Estimation of the acceleration constant is the last remaining "challenge" and will be discussed in the next section. For now, let's fix the value $a=0.046$. The accelerate Bootstrap CI can now be computed in R as follows.

#Desired quantiles
u <- c(alpha/2, 1-alpha/2) 

#Compute constants
z0 <- qnorm(mean(theta_boot <= theta_hat))
zu <- qnorm(u)
a <- 0.046 

#Adjusted quantiles
u_adjusted <- pnorm(z0 + (z0+zu)/(1-a*(z0+zu))) 

#Accelerated Bootstrap CI
quantile(theta_boot, u_adjusted)

This gives a new $95\%$ CI of $(0.114, 0.383)$, which has effectively "shifted" the CI bounds in the direction of the true value for $\theta$. (Side note: when $a=0$, the accelerated Bootstrap is known as the bias correction Bootstrap).

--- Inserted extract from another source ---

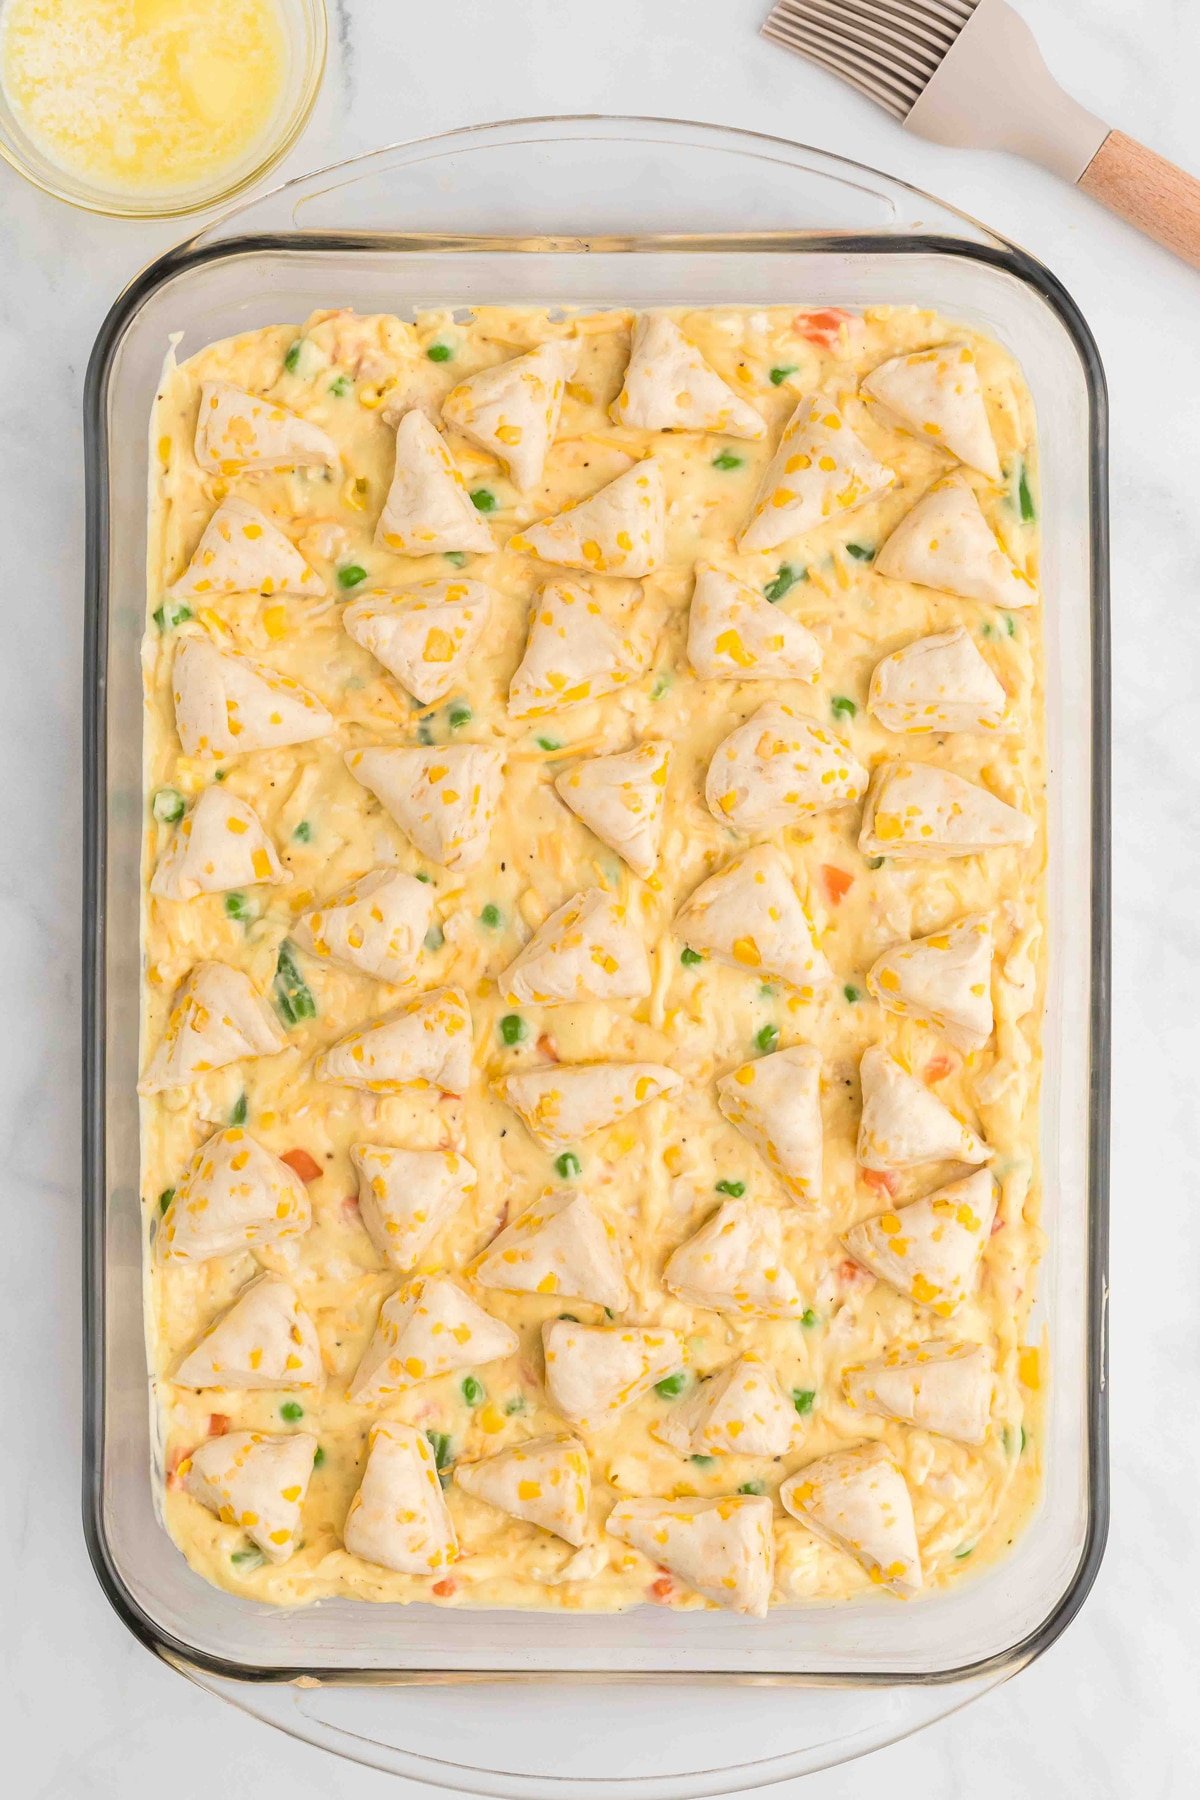 Chicken pot pie filling topped with biscuits in a casserole dish

The following figure shows the Bootstrap distribution again, with vertical lines representing the Confidence intervals for each case.

enter image description here

Estimating the acceleration constant

The acceleration constant can (in some cases) be calculated theoretically from the data by assuming a particular distribution for the data. Otherwise, a non-parametric approach can be used.

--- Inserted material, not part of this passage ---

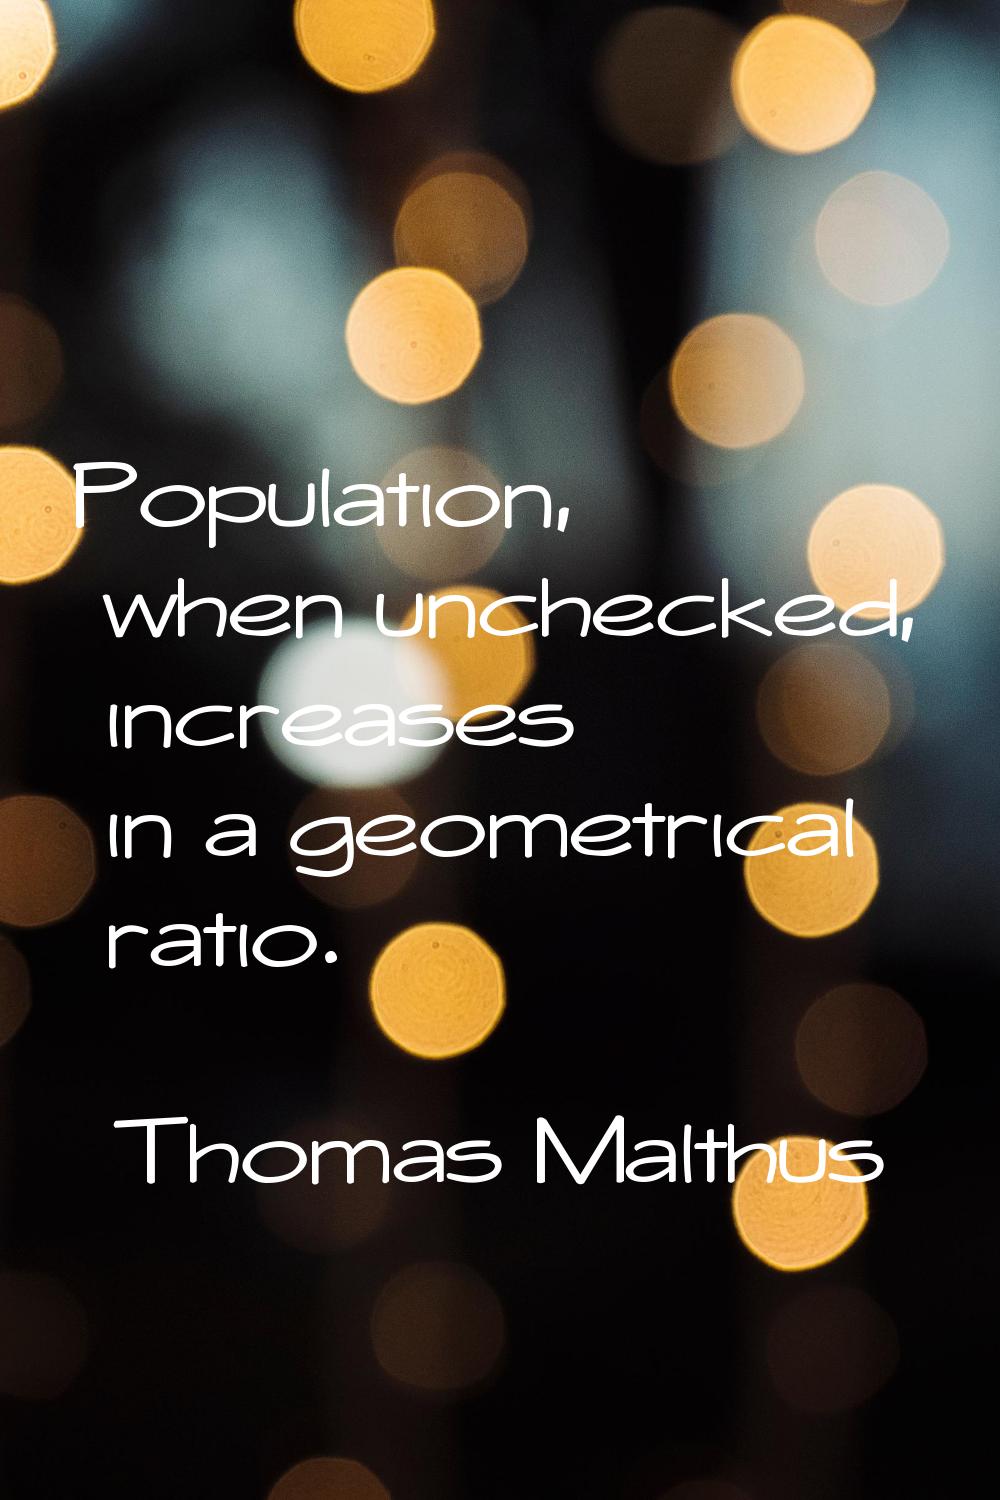 Population, when unchecked, increases in a geometrical ratio.

Efron (1987) shows that for univariate sampling distributions, the acceleration constant is reasonably well approximated by $$\hat a = \frac{1}{6}\frac{\sum_{i=1}^n I_i^3}{\left(\sum_{i=1}^nI_i^2\right)^{3/2}}$$ where $I_i$ denotes the influence of point $x_i$ on the estimation of $\theta$. Efron proposes approximating $I_i$ using the infinitesimal jackknife, but others have demonstrated that the finite-sample Jackknife is often sufficient. Thus, each $I_i$ can be approximated by $$I_i = (n-1)[\hat\theta - \hat\theta_{-i}]$$ where $\hat\theta_{-i}$ represents an estimate of $\theta$ (your index) after removing the $i^{th}$ data point.

I <- rep(NA, n)
for(i in 1:n){
   #Remove ith data point
   xnew <- x[-i]
   #Estimate theta
   theta_jack <- var(xnew)/mean(xnew)^2 - 1/mean(xnew)
   I[i] <- (n-1)*(theta_hat - theta_jack)
}
#Estimate a
a_hat <- (sum(I^3)/sum(I^2)^1.5)/6

This leads to the accleration constant estimate of $\hat a = 0.046$ that was used in the previous section.